So this is a snapshot of only the success stories. Of course many more
systems developed, built, but unable to attract participants. So one of the
key ingredients for the success of this crowd powered systems is really the
active and effective participation of the users. So the key research
question that we're tackling a work is how to incentivize the users to
improve the overall effectiveness of these systems? Okay? So let's begin by
looking at some of the challenges in learning about the incentives for the
participants in these systems. For instance, if you take a very simple
example of marketplace like just Mechanical Turk, a simple caution is simply
how to price the task. Right? The requester has some kind of budget and
time constraints and over pricing the task would lead to ineffective users
budget whereas underpricing would lead to task starvation because nobody
would be willing to perform that task. Right? And similar challenges arise
in learning skills and expertise of the participants and then matching them
to tasks which are engaging for them. Right? And generally, we can think
about these challenges as modeling and learning the user preferences and
understanding the kind of tradeoffs that they make when they contribute to
the system. So I'll focus on one specific project for the rest around 30
minutes so that you can better appreciate some of the challenges that we have
been dealing with. And specifically, we're going to look at bike sharing
systems and how the operators can incentivize these users to balance the
bikes across the system. Okay? So what are bike sharing systems? Well,
it's an emerging paradigm of sustainable urban transportation. So what you
can do is you can pick up a bike from one part in the city very conveniently
and efficiently, go to another part of the city, and drop off the bike. And
you can have these stations at parts of the city which are difficult to reach
by cars for instance and is cheap and green alternative to other modes of
transport, especially car sharing. Right? So there are a bunch of nice
advantages and this increasing worldwide adoption. Right now, there are over
700 cities around the world serving close to one million bikes. And in
Seattle, there's a pronto bike sharing system which started operation in
October 2014 and currently serving 50 stations and over 500 bikes and the
plan is to grow this to over 2,000 bikes in the next few years. So any
guesses where is the largest bike share system in the world? Like to make a
guess?
>>
Zurich?
>> Adish Singla: Actually, Zurich doesn't have a bike sharing system. So
the largest one is actually in east China. It has amazingly large number of
3000 stations and 60,000 bikes and they have dedicated lanes throughout the
city for these bikes. The second largest is in Paris. There we have
basically bike sharing system with 2000 stations. And the largest one in
North America is tied between Montreal, Chicago, New York, and Mexico City,
which have around 450 stations and around 6,000 bikes. Okay. So, how do
people use these bike sharing systems? As you would imagine, as a user, you
decide to go somewhere. So what you would do is you would pick up a bike
from a nearby station. Drive to a station close to destination and drop off
your bike. Right? And what could happen is that a bunch of users who are
picking up the bikes from the same station and as the stations have a limited
capacity, some stations may get empty. And similarly, of course, what could
happen is that a bunch of users who are driving to the same destination
station and given the limited docks at the station, some stations may get
full. So empty and full stations look like this. And basic, if you are at
an empty station and you want to pick up a bike, you won't find any. And at
a full station, it will be hard for you to drop off a bike. And as a user,
you would get disappointed. You would have to go to another station and may
not use the system again. So as a system operator, this is something you
would really like to avoid this situation. Okay? So what could be a way to
solve this problem? Well, one very obvious one is to move the bikes from
full station and put them back to the empty stations. Right? And this is
one way how it is done. So this -- the truck in this picture is from our
collaborators in Mainz, Germany. So which basically moves from station to
station and drop the bikes from full station to the empty station. Okay? So
this is a solution. However, some of this is not so much in the green
concept, in the spirit of green concept of bike sharing systems, right? It's
an expensive operation. It may be difficult to do truck-based repositioning,
especially during peak hours and at the inner parts of the city. And of
course, it leads to traffic congestion and pollution. Right? So what could
be an alternative?

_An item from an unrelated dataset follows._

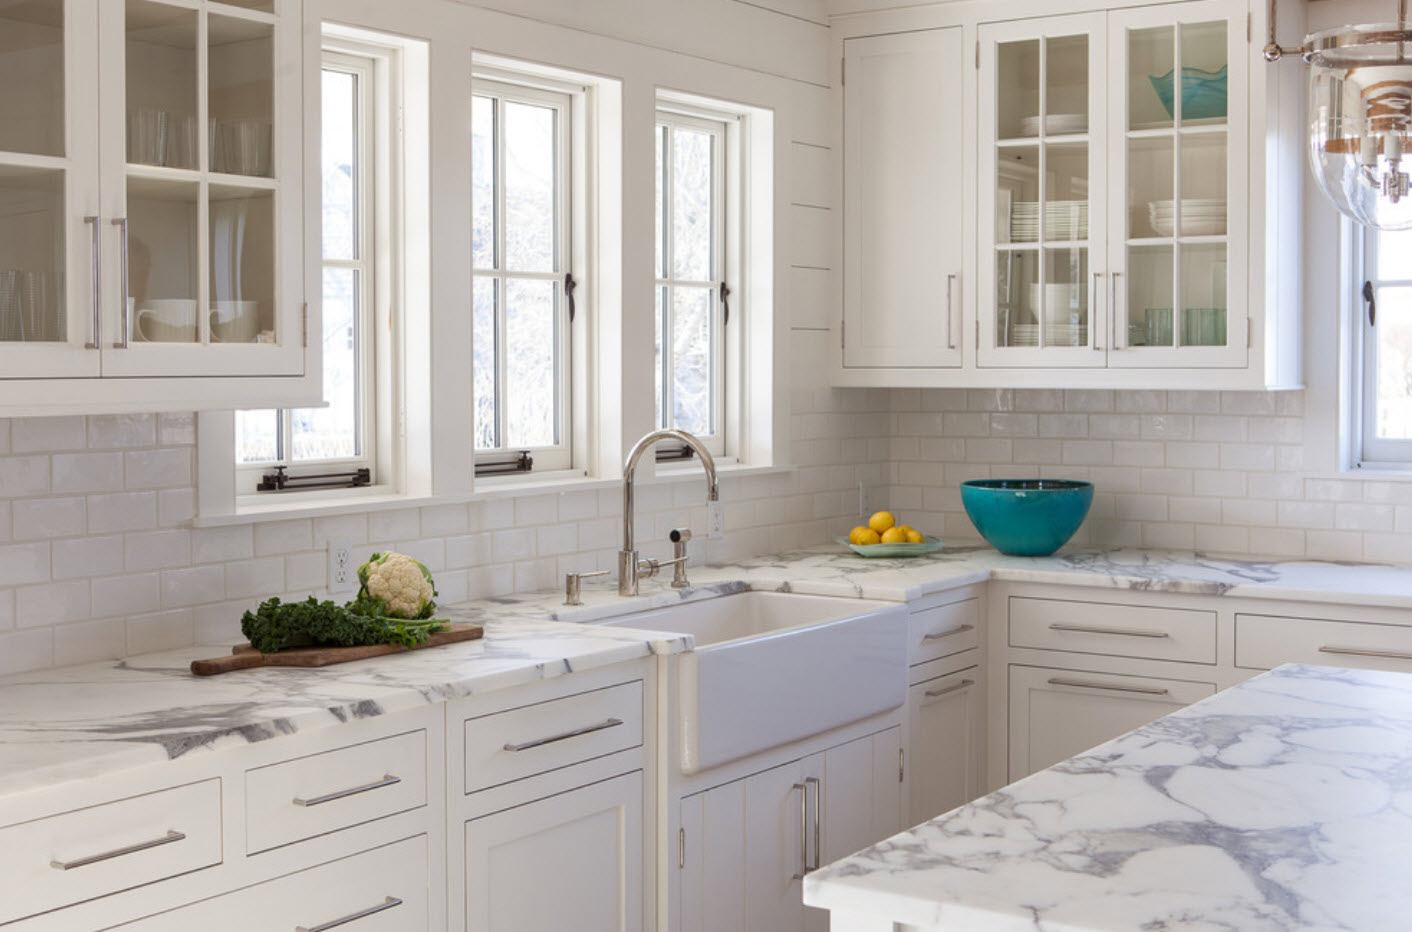 White kitchen with numerous windows and functional windowsill, sasj windows of kitchen cabinets

Well, thinking of this in terms of crowd sourcing and
thinking of this as a crowd powered system, one alternative way could be if
we could get some of this users of the system itself to move these bikes. So
the key research caution that we ask here is how we can engage it's users in
this repositioning process to help solve this imbalance problem. Okay? So
let's briefly look what this engagement would look like. So the idea is very
simple. So let's say a user is going to drop off a bike at some station and
there's a station close by which is actually empty. So now, if we could
somehow convince the user to go to this empty station and do a little bit of
extra walking, then it's useful, it's good for the system because this
station is not empty anymore. Right? And similarly of course, a user wants
to pick up a bike and there is a full station nearby, so instead, we would
like that user to go to that full station to pick up the bike. Okay? So
that's our idea of engagement and how we want to kind of incentivize users
for this extra walking, extra that they have to put. Okay. So there have
been a bunch of recent work in trying to figure out these incentives in these
bike sharing systems. One recent one is basically what is used by Paris.
Velib bike sharing system. They have something what is a non-monetary
incentive. So if you are going to some elevated stations, so they have
premarked problematic stations for instance which are at higher altitudes, so
users get 15 extra minutes when they're going towards that station. And the
idea is that to bring more bikes to these problematic stations. Okay. So
what we have been doing in our work is a little bit more adaptive and more
dynamic. First of all, we offer monitoring incentives. So when user
actually execute our task, the money actually goes into their accounts
directly. So that acts as a stronger incentive than just having extra
minutes. Then we have more dynamic system where we decide based on the
current demand of the system as well as future forecast which stations we
should offer these incentives for. Right? And we also have learning
policies which can interact with the users and based on user feedback, we can
update what kind of price offers to make. And finally, our goal is to
maximize the overall quality of service. Okay? So one accepted notion of
this overall quality of service is to minimize no service events. So what is
no service event? Basically if a user wants to pick up a bike or drop off a
bike but is unable to do so because the station was empty or full. So that's
a no service event. Okay. And our goal is to minimize this to improve the
overall user satisfaction. So let me tell you a little bit about the overall
architecture that we have been developing in this context. So it looks like
this. So first of all, we have the hardware components, what is the rental
stations and the bikes, which is being managed by the bike sharing operator.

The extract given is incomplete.